Companies whose primary capability is in generating rich, raw data at high volume should look at ways in which they can sell that data at little cost or investment. For example, a financial services business offering a ‘data on demand’ service would benefit from this approach as they could offer large volumes of data to their ecosystem of partners, fuelling the financial industry with raw data that can be used within enterprise applications and for financial analysis.
Companies with a core competence in processed data can also find market opportunities. For instance, credit card companies that collect data from billions of transactions have seen the data become more valuable beyond its operational use.
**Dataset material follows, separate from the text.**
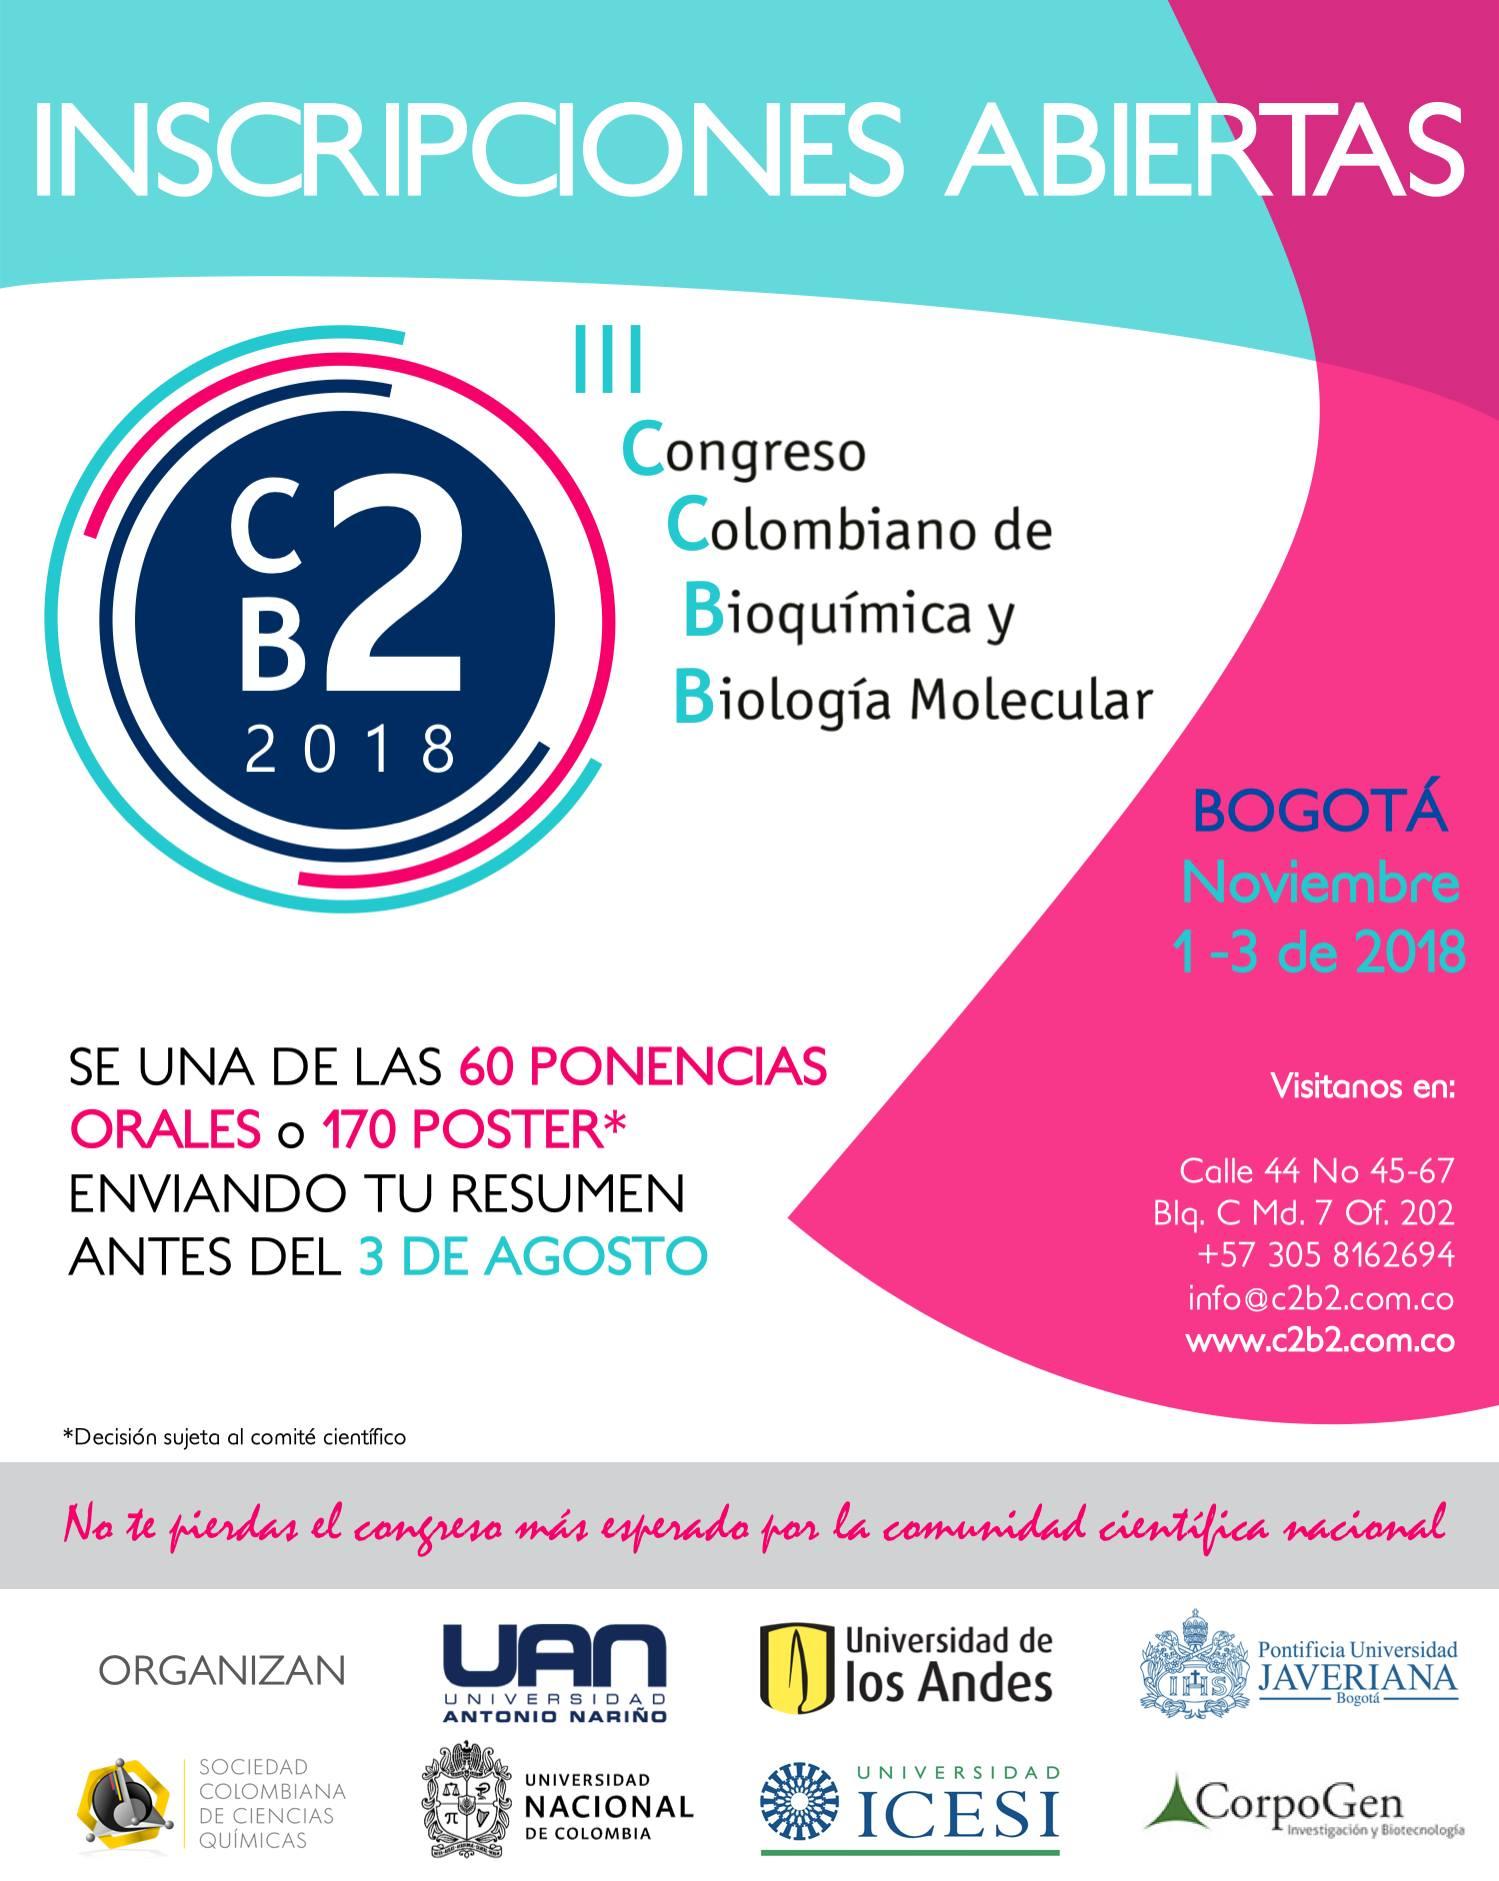 III Congreso Colombiano de Bioquímica y Biología Molecular (C2B2 2018)

In fact, some of these companies have established separate businesses with the goal of providing insights and analysis to its customers from real time transactions, helping investors for example, who are seeking to understand consumer purchasing.
Additionally, organisations that use techniques such as data mining, predictive modelling or analytics, are in a good position to process large quantities of data and help other companies gain business insights from the data. Being able to present these insights in a meaningful way, for example through customer segmentation analysis, makes the data even more valuable, enabling it to tell a story by giving insight into which customer segment is more profitable or customer’s shopping habits.
Now: go-to market!
A business can develop a profitable data monetisation strategy - no matter where they fall in the data value chain — as long as they focus on the right go-to-market approach suiting their business and potential customer needs. To meet data monetisation goals, businesses need to evaluate their core competency, the opportunities at hand, and understand the impact of playing at a specific stage in the data value chain.